We reached the south gate of Ephesus at a little before 9 am, hoping to beat the hoards of tourists who famously over-run the ruined city each day, as well as the heat of the day.  We didn’t manage to get there before the tourists, or so we thought, until we left a couple of hours later and witnessed the even longer queues waiting to get in at that later hour.

In fact, the crowds of visitors added a lot of life to what might otherwise have been sterile ruins, and they gave an insight into the vibrancy, the animation and the colour of Ephesus as a major city in its heyday.

It is hard to point to particular highlights of Ephesus, as the enjoyment of the experience was taking in the entire ensemble of temples, library, baths, sports fields, amphitheatres, colonnaded avenues, market area, and so on.  Having said that, the Library of Celsius, built in the year 114, was a superb centrepiece marking the confluence of the Sacred Way and Curetes Way.  Also noteworthy was the huge Great Theatre, an amphitheatre built between 41 AD and 117 AD that was capable of seating 25,000 people where St Paul condemned pagan worship, almost starting a riot as a result.  It was in this same amphitheatre that the ‘riot of the silversmiths’ took place after St Paul called on those who made silver images of in which those who made silver figures of the goddess Artemis to cease doing so (Acts:19:23-41).

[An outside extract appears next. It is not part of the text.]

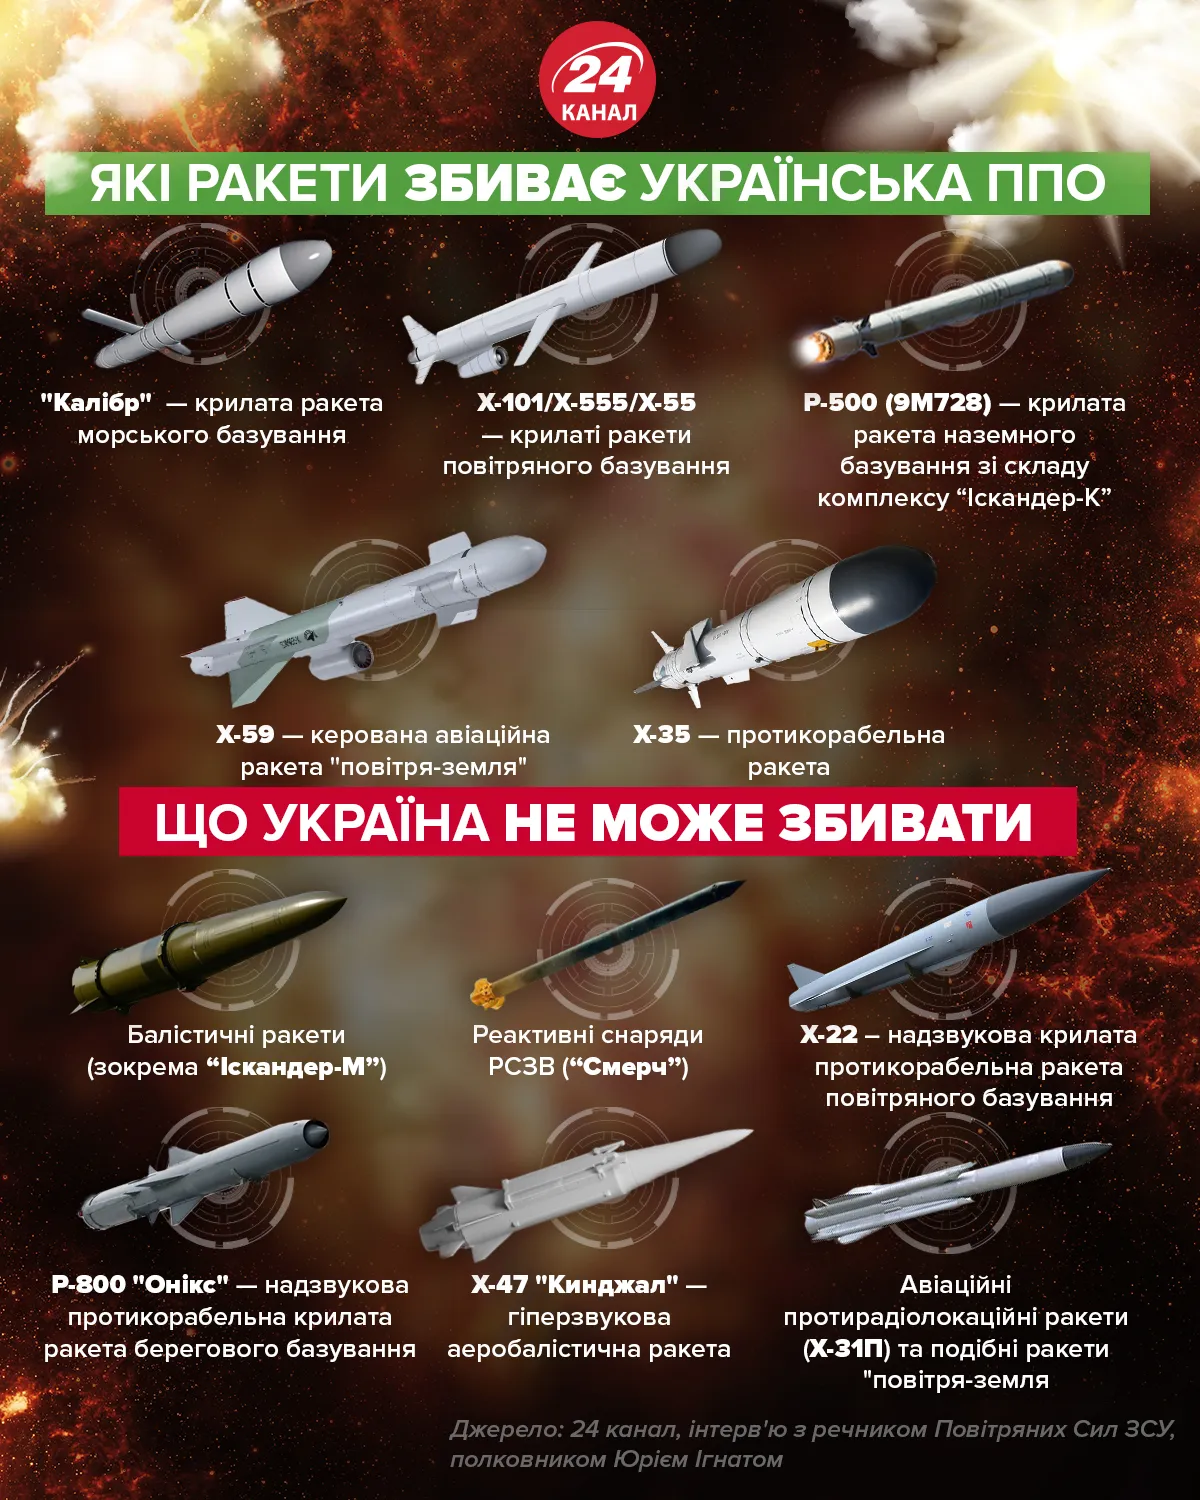 какие ракеты может сбивать украинская ппо

We spent a great couple of hours exploring Ephesus, but we had to leave a little before 11 am as we had a long drive of 434 kilometres ahead of us to Antalya.  Although the first part of the drive was through fairly flat countryside, the landscape soon changed to rolling hills and then some quite spectacular mountain scenery.  As if to prove the existence of orographic rainfall, we experienced some unexpectedly torrential rainfall and some electrical thunderstorms as we crossed the elevated hilly areas of central-western Turkey.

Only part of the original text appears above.